One thing that stands out when speaking with Keecia Scott, Senior Director of Global Procurement and Strategic Sourcing, and Garrett Clark, Director of Commercial Procurement, is that they both love working at Gilead Sciences.
As a US based pharmaceutical company dedicated to developing innovative medicines for life-threatening illnesses, and with a particular focus on HIV, they both praise the “outstanding work” Gilead does. More recently expanding to oncology and with the first FDA-approved antiviral for Covid-19 treatments, the company has had to adapt and evolve its offerings.
In terms of their specific roles within Gilead, Scott heads up the global procurement team, focusing on a broad range of categories, including Commercial, HR, Contingent Workforce Program, travel and professional services, with a total spend of around $3 billion. Joining Gilead ten years ago, she started as Manager of Vendor Management, establishing Agency Management, Print Production and Fulfilment within the commercial organization.
She later established the Promotional Materials Management team, adding a Promotional Review Committee and Editorial to her team. She has witnessed first hand the significant growth of the company, including the evolution of the commercial procurement team. Prior to joining Gilead, Scott worked at a small Belgium based biotech organization where she held various roles.
Clark, by contrast, has only been at the company since October 2020, having previously worked with Gilead as a consultant, where he says “I got to learn and appreciate the Gilead way and culture within procurement and the marketing department”. Prior to this, Clark worked at both a consumer electronics manufacturer and a financial services tech platform, and explains how he wanted to be at a company where he would be proud of the work he does, making a difference by saving people’s lives.
At Gilead, Clark leads the category of commercial procurement, with a primary focus of working with creative agencies and marketing leaders who are at the frontline of getting products to market and promoting Gilead’s brands.

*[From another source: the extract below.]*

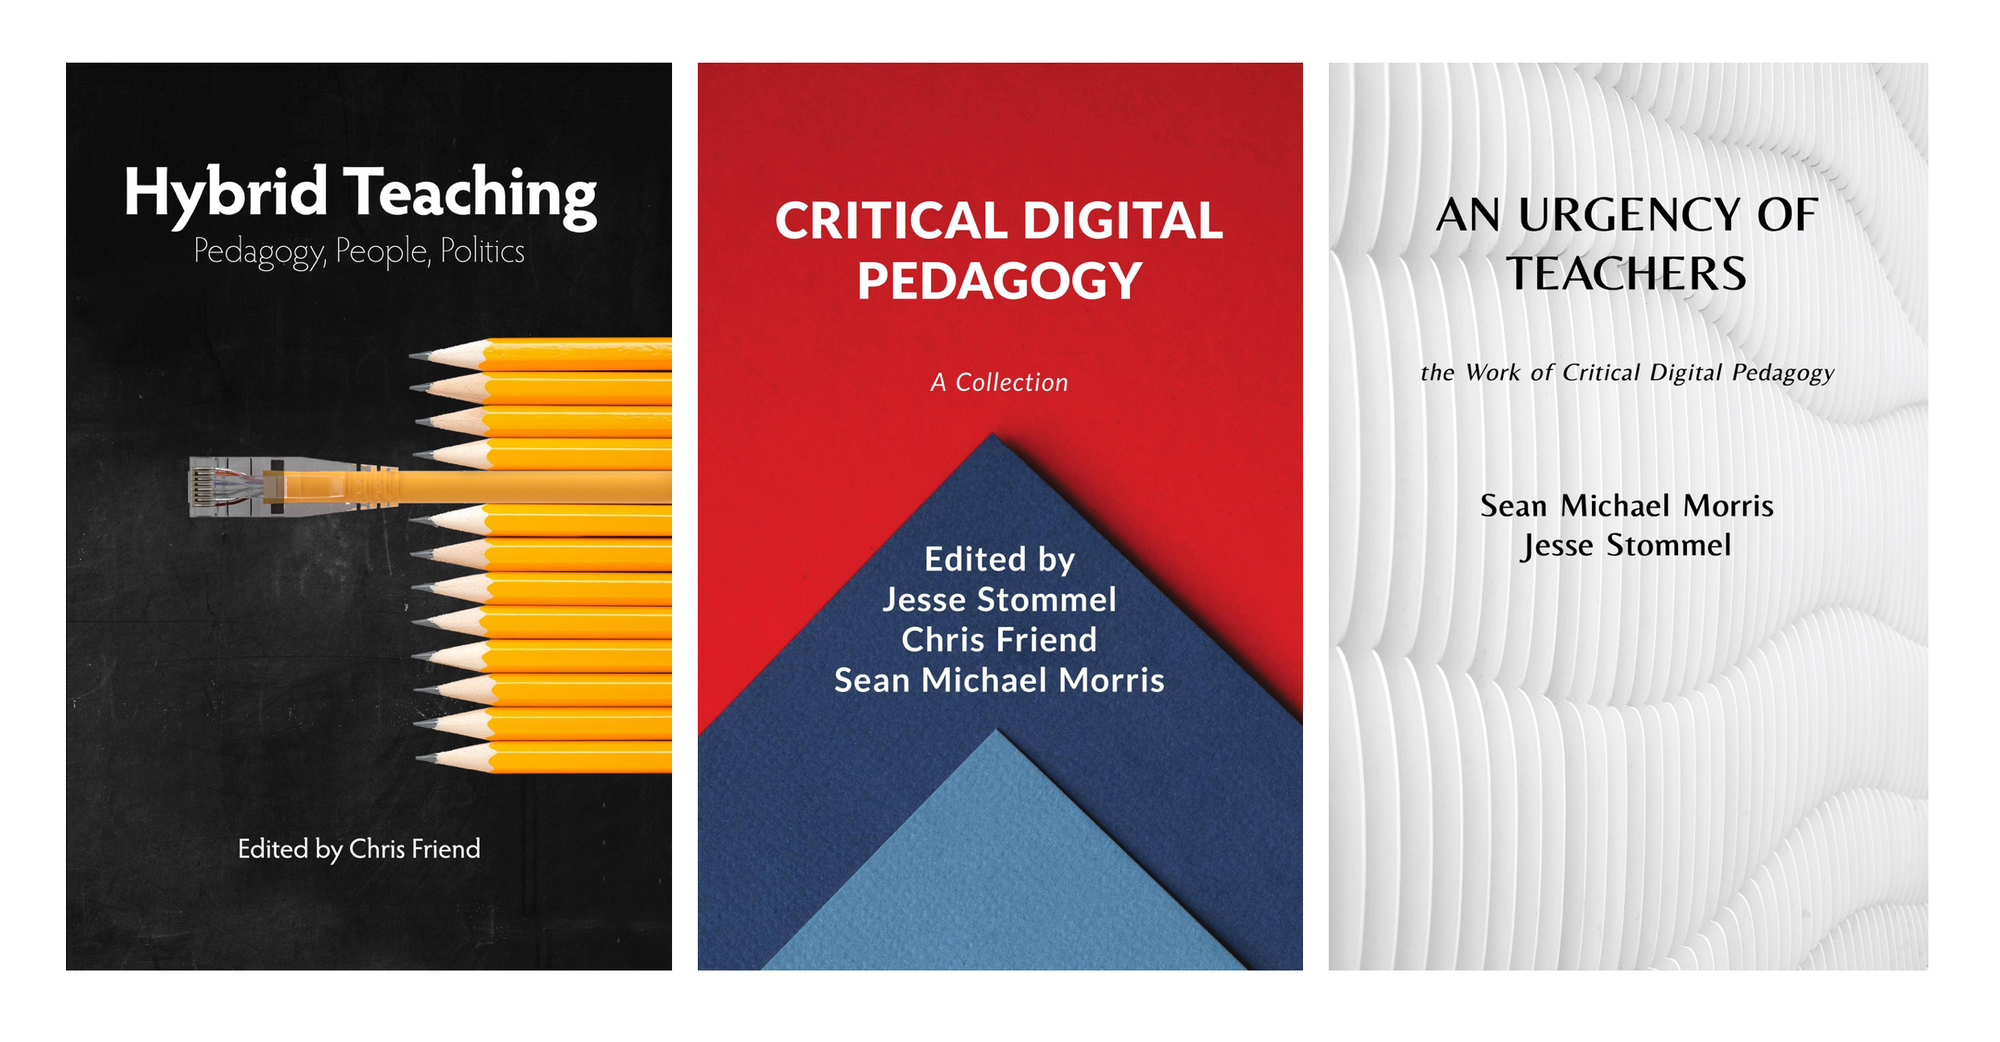 Three book covers: a set of pencils with an ethernet cable for Hybrid Teaching, three colors, red and two shades of blue, in triangular shape for Critical Digital Pedagogy, and White cards arranged in swirls for An Urgency of Teachers

Agencies, Marketing, Procurement: a three dimensional partnership
With over 25 years of marketing experience, Scott discusses how there are key traits she looks for when establishing an agency relationship.

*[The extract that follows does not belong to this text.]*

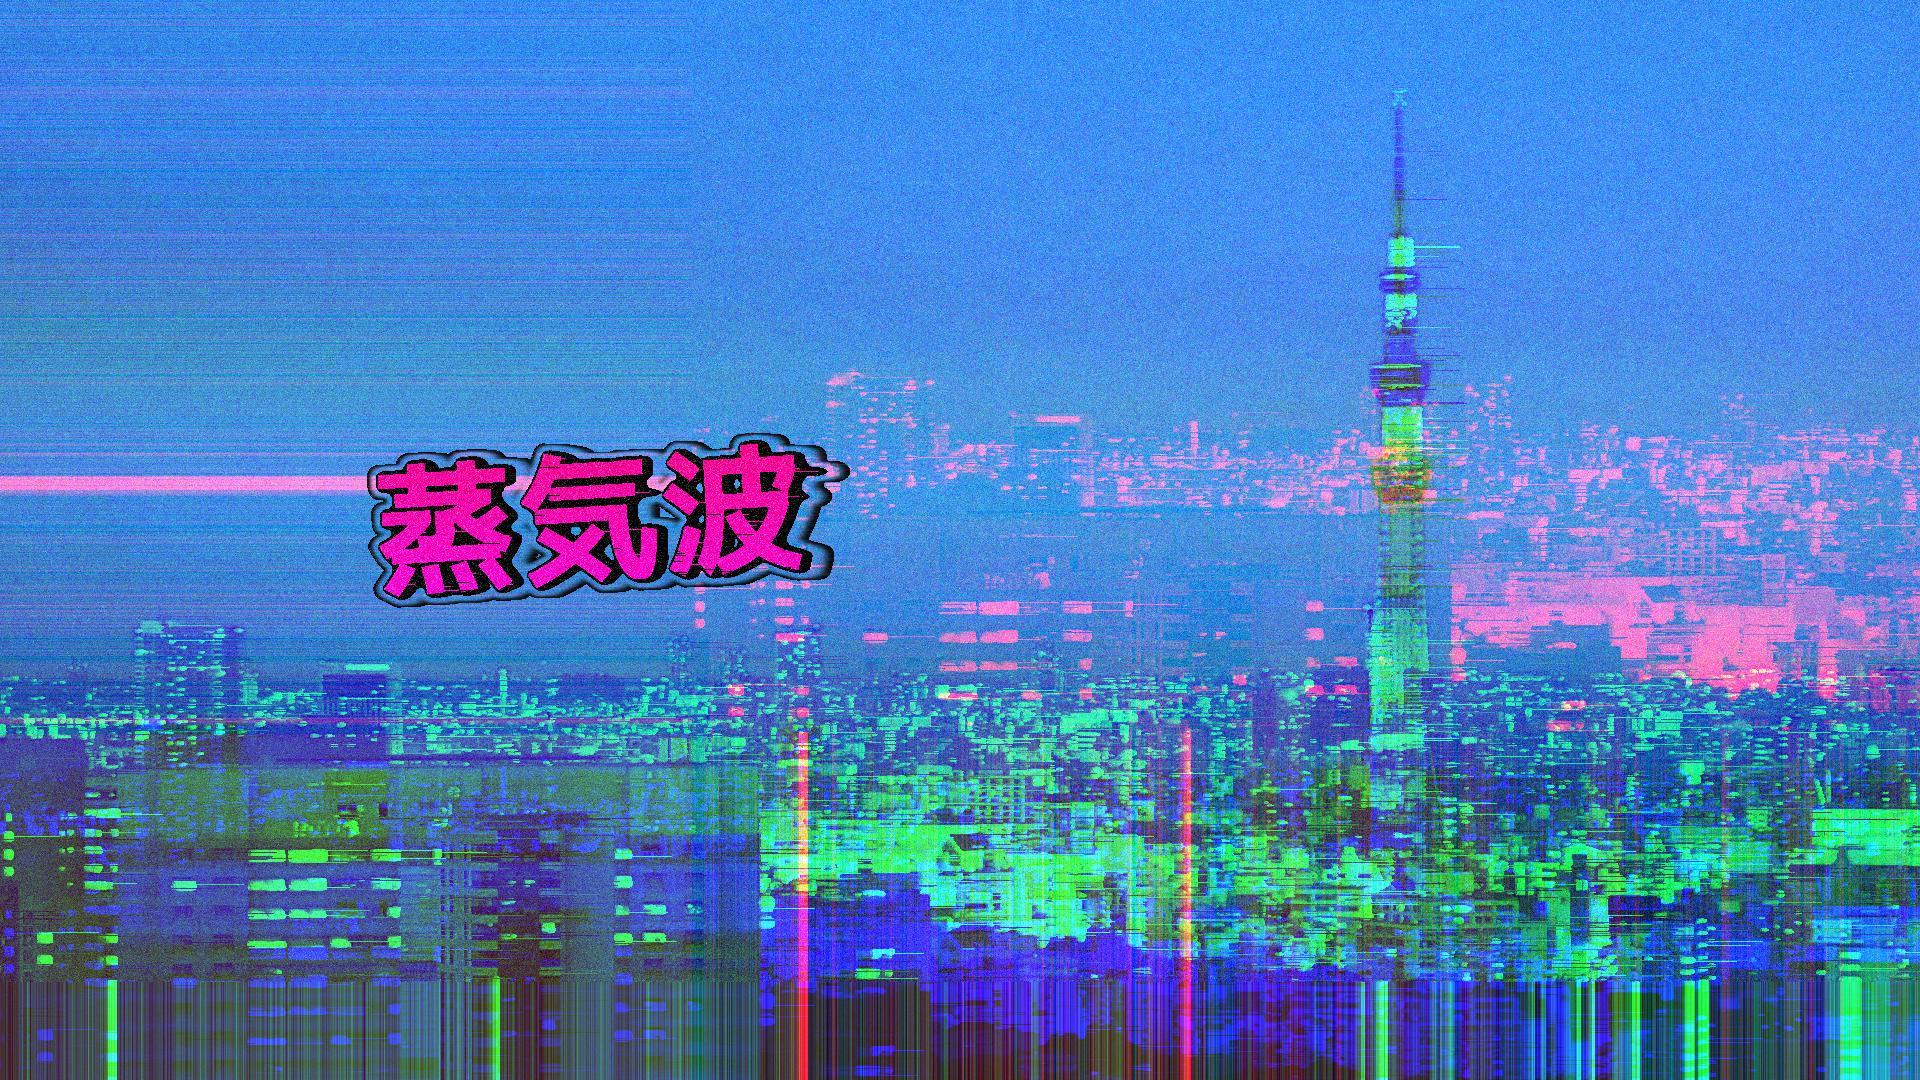 I Made A Wallpaper. Tell Me If The Japanese Text Says Vaporwave or

The first, and the most significant point, is actually viewing it as a partnership rather than a relationship. “When I first moved to procurement it was more of the supplier-client focus and that was the terminology we used. I think that is where it can sometimes go wrong. For me, it is more of a partnership”, says Scott.

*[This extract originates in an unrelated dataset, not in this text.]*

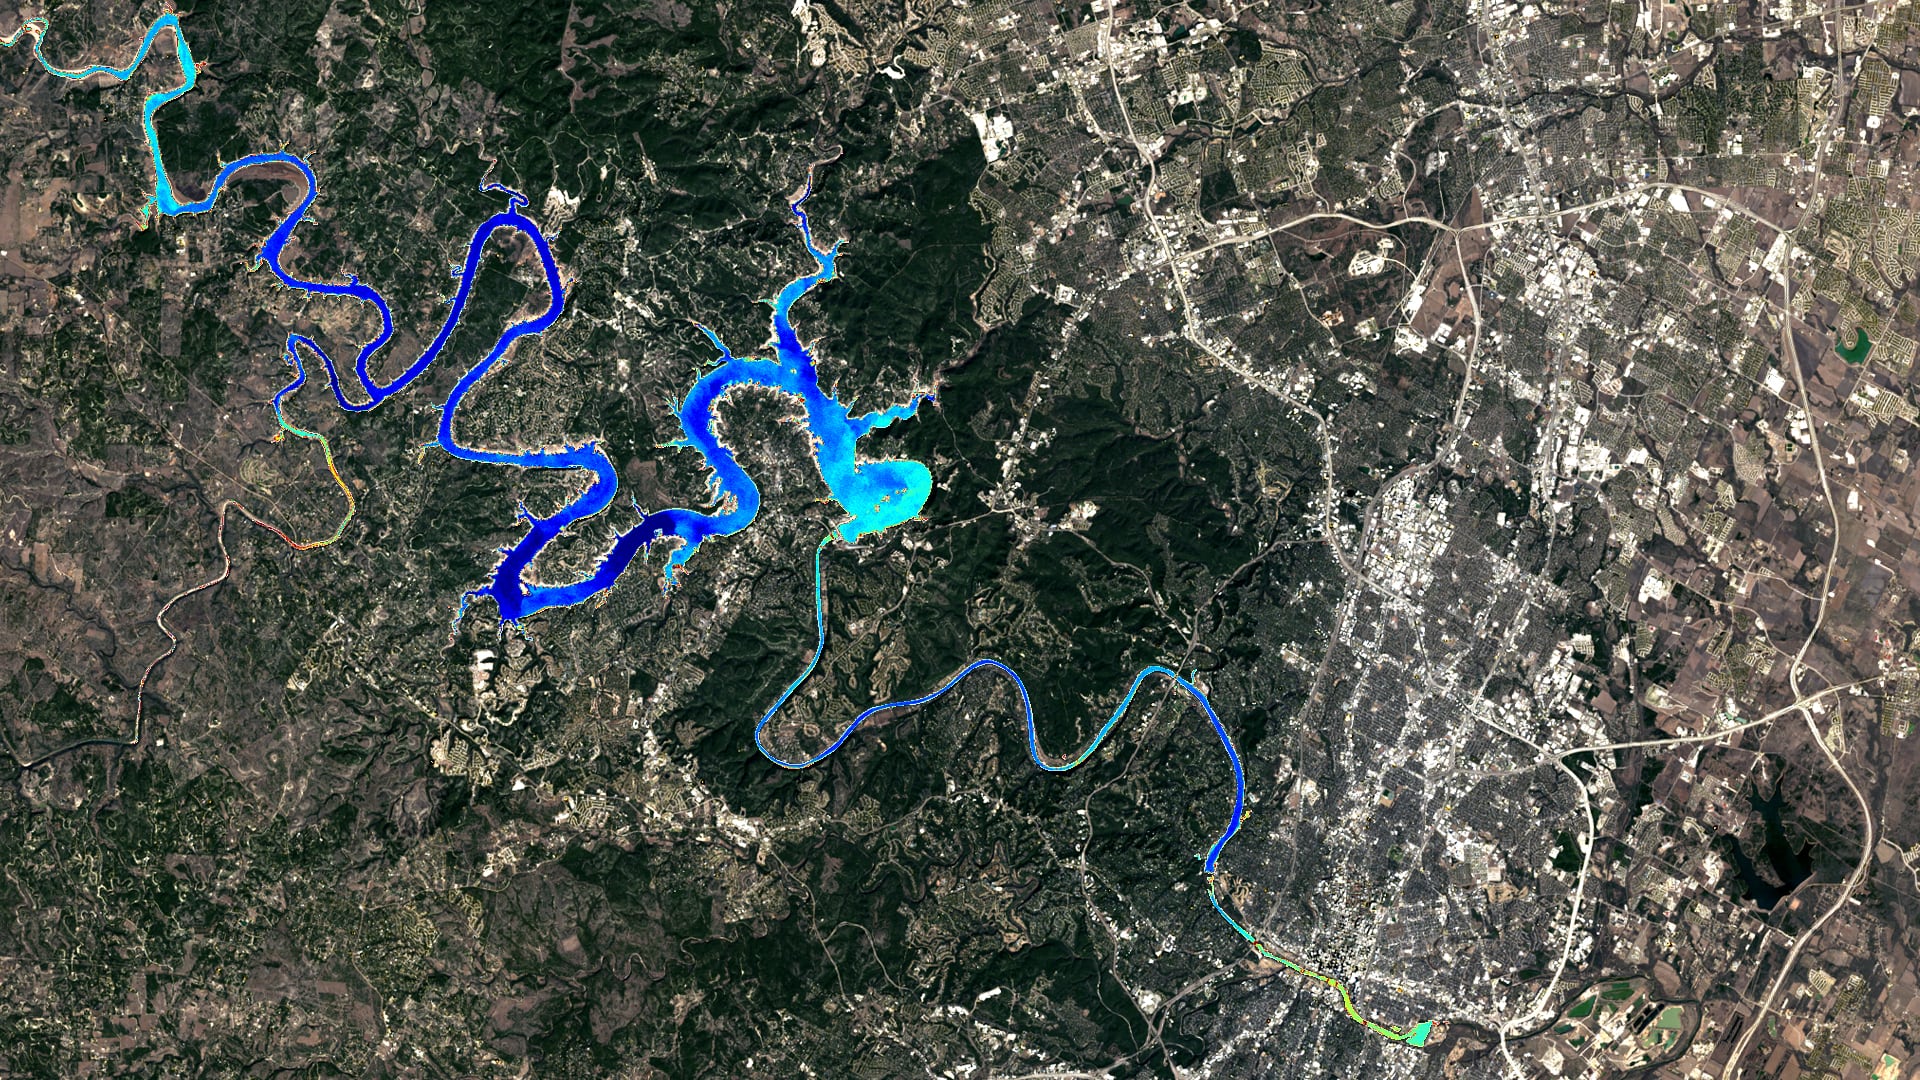 Imagery of turbidity captured by the NASA Landsat 8 Operational Land Imager on Dec 24, 2020. Pictured is the lower portion of the Texas Highland Lakes chain with the city of Austin, Texas to the right. Dark blue corresponds to low, green to medium, and orange and red to high turbidity levels. Monitoring turbidity can aid in the understanding of algal event development throughout the Highland Lakes chain.Keywords: Highland Lakes, Colorado River, Texas Hill Country, Austin, Lake Travis, Lady Bird Lake, Lake Austin, Lake LBJ, Lake Marble Falls, Landsat 8 OLI

She continues, “From a client perspective, we rely on strong supplier partnerships to achieve Gilead’s goals and objectives. As such, clients should rethink their collaboration with agencies, and begin to treat them as they would their internal team. This means fostering transparency, establishing efficient processes, and recognizing good work. It also means working closely with the agency senior leadership.
Agreeing with Scott, Clark says that the agency, marketing and procurement engagement is “three dimensional”. In the past, he said that procurement had been too “procurement-centric”, and this was reflected in the strategy they put forward. Nonetheless, he tracks that the rise of the digital world has meant that the relationship between the three has become much more dynamic.
As a result, Clark believes that transparency must be embedded within a partnership. Not only does this make “the give and take easier”, but it also leads to better work in the long run. In fact, he explains that if procurement is open and honest with agencies about marketing culture and expectations, then the agency will be more inclined to discuss pricing and the staffing mixes.
Clark believes that if you start from this genuine ground then procurement can build that into formalised agreements, where all parties have “vested and equal interest in making it a success”. He continues, “Once you have all those ingredients, speed and quality will organically happen. There is no fist pounding to get particular cost savings; it is just being open and honest about what is really required, ironing out the internal and external stressors”.
Expanding on this point, Scott discusses how this extends to actively flagging to agencies when their services may be required. By proactively contacting agencies when there is an internal opportunity, Scott believes that, in addition to strong internal partnerships, procurement can build strong partnerships with agencies, where agencies feel like procurement is working with them as a partner, rather than “clawing their way into the brand teams”, as Scott calls it. She states, “we are like the agencies’ internal business development managers”.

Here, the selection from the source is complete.